START RECORDS SHOWN

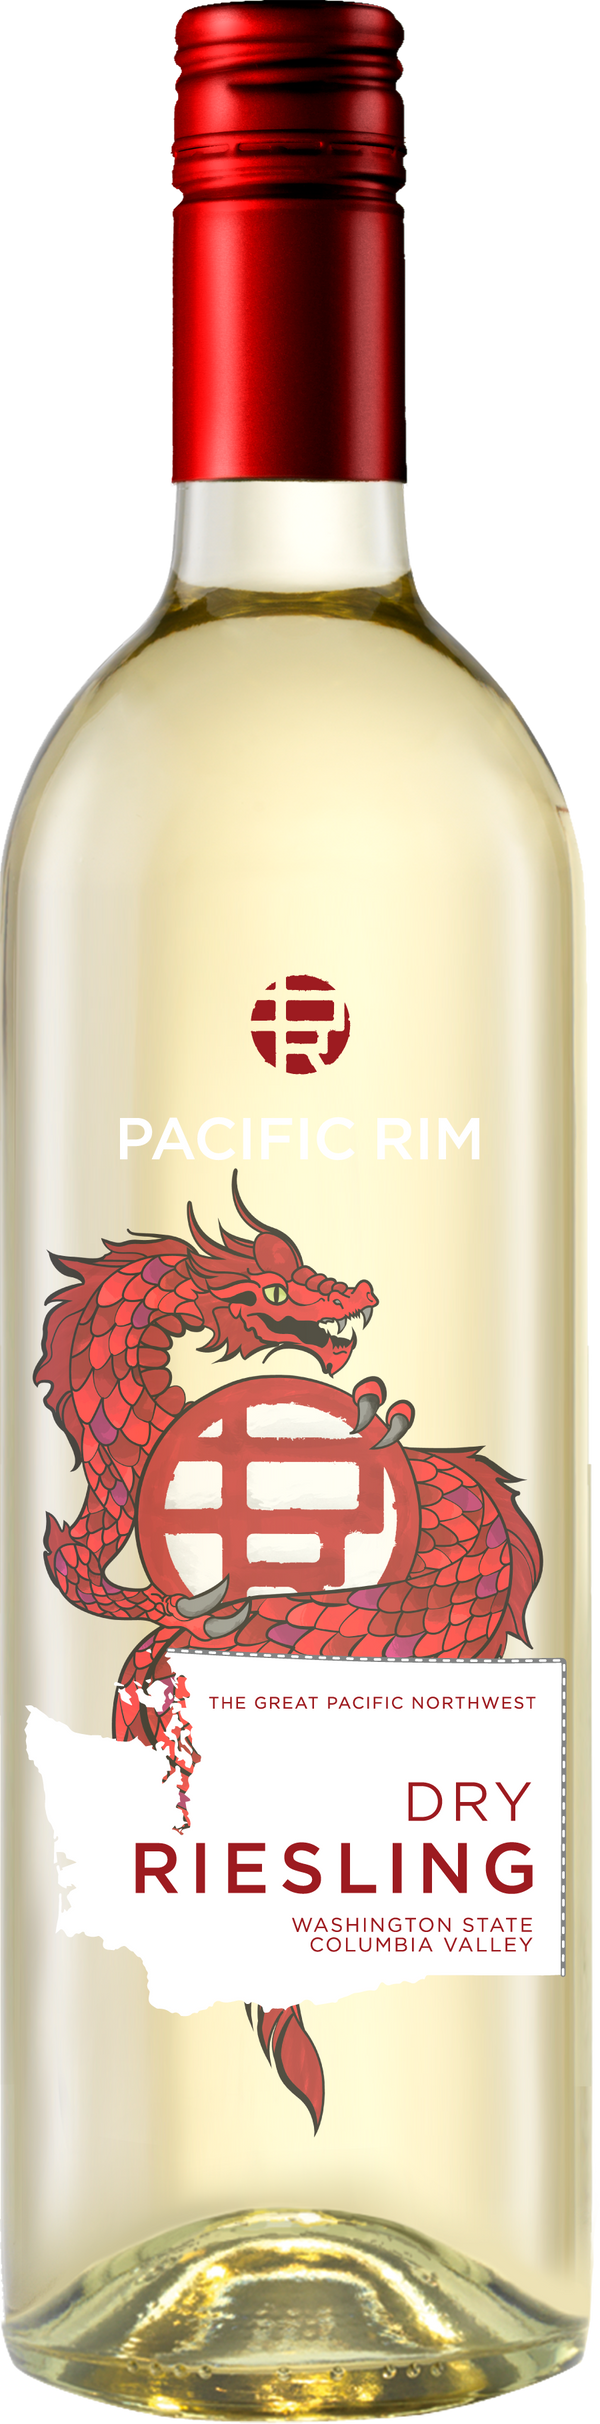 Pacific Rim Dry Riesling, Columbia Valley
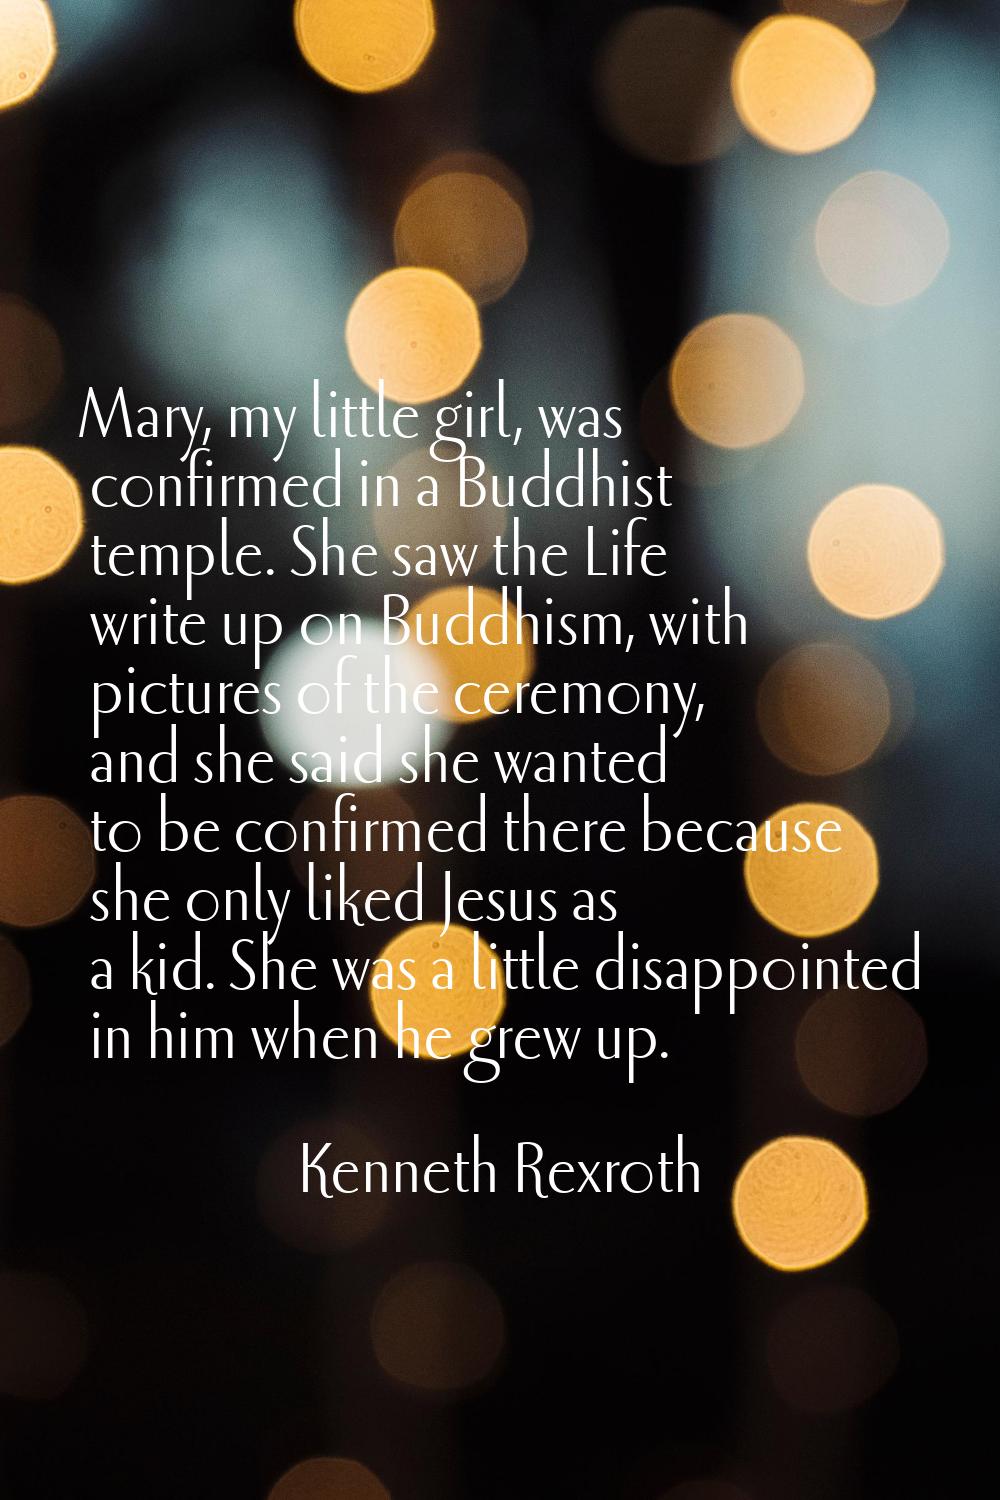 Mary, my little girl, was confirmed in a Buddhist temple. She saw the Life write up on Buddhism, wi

END RECORDS SHOWN
START RECORDS SHOWN

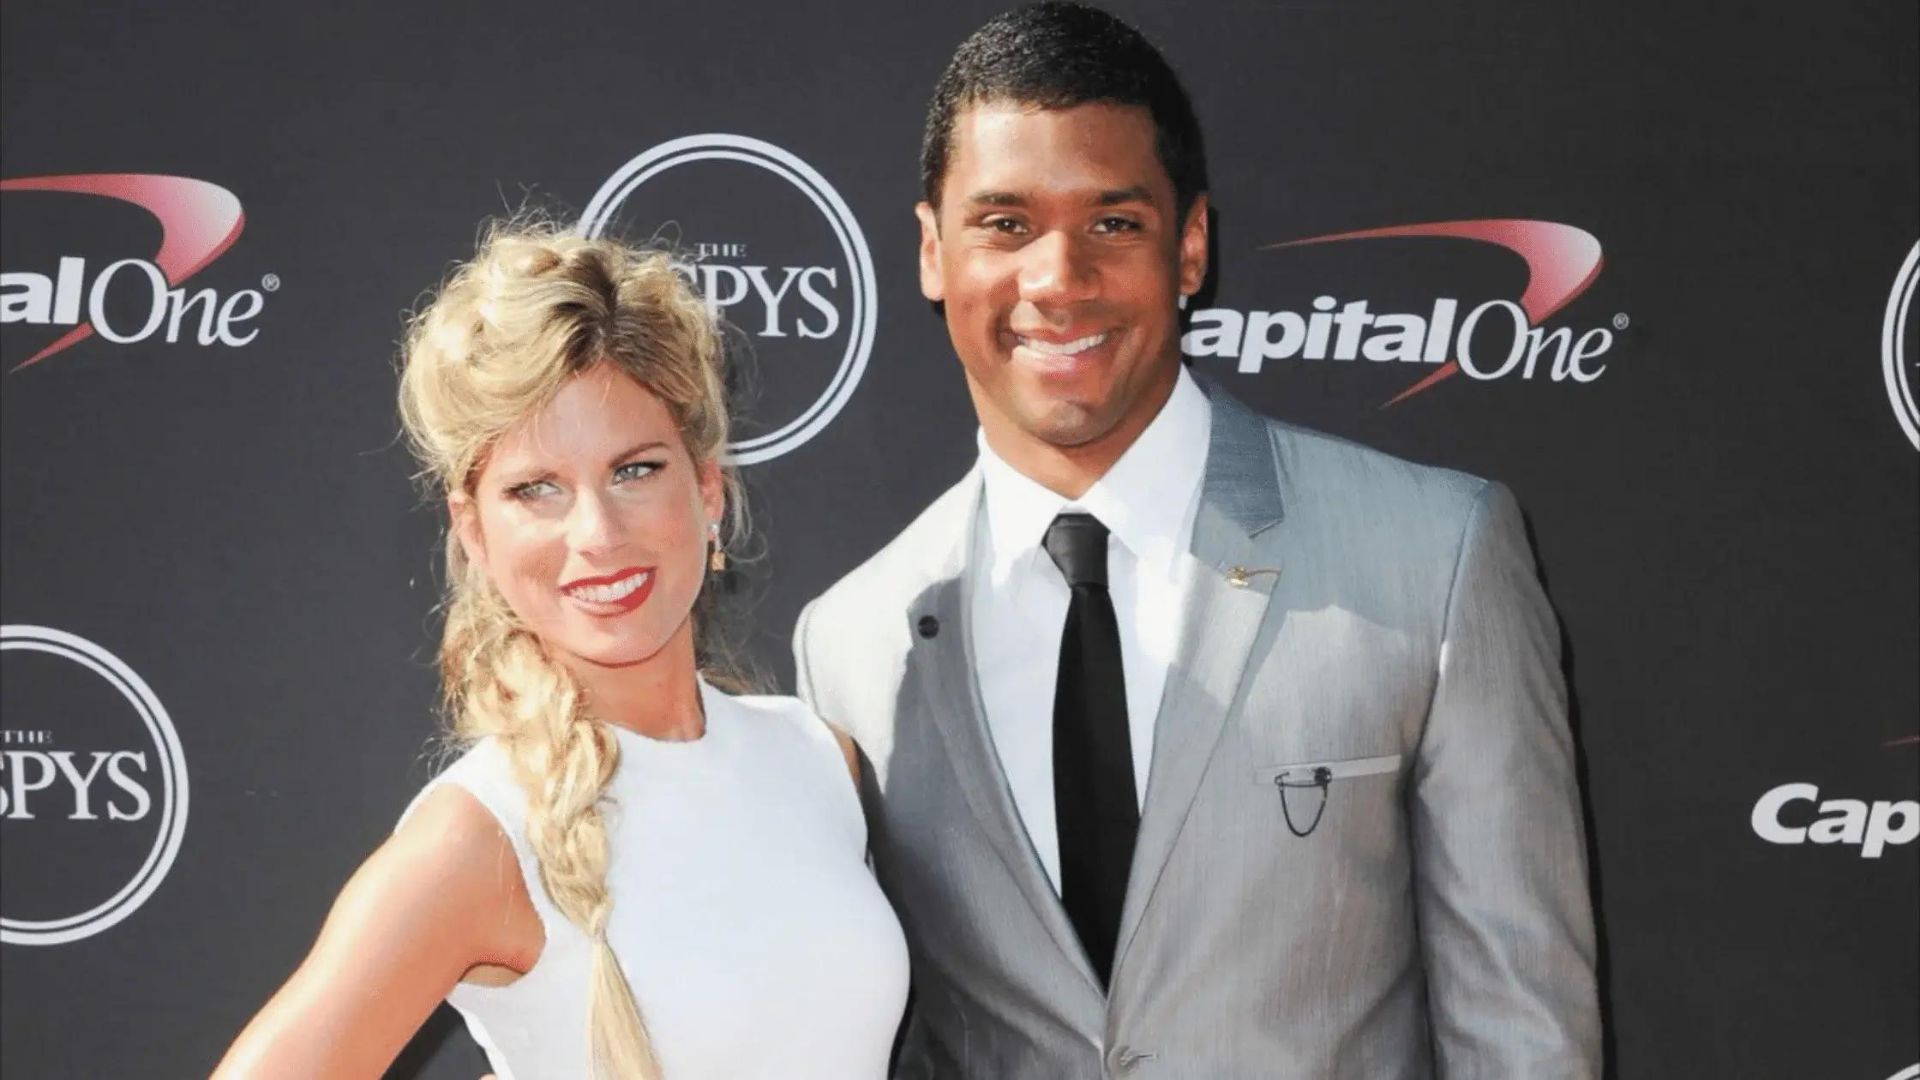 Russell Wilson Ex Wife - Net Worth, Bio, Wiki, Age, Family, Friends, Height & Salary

END RECORDS SHOWN

* [GOAL OF THE EXERCISE] Nothing but the lines above from the line with "Pacific Rim Dry Riesling, Columbia Valley" up to and including the line with "Mary, my little" should be returned, exactly as written and without pictures.

* [SOLUTION FOR THIS EXERCISE]
 Pacific Rim Dry Riesling, Columbia Valley
 Mary, my little girl, was confirmed in a Buddhist temple. She saw the Life write up on Buddhism, wi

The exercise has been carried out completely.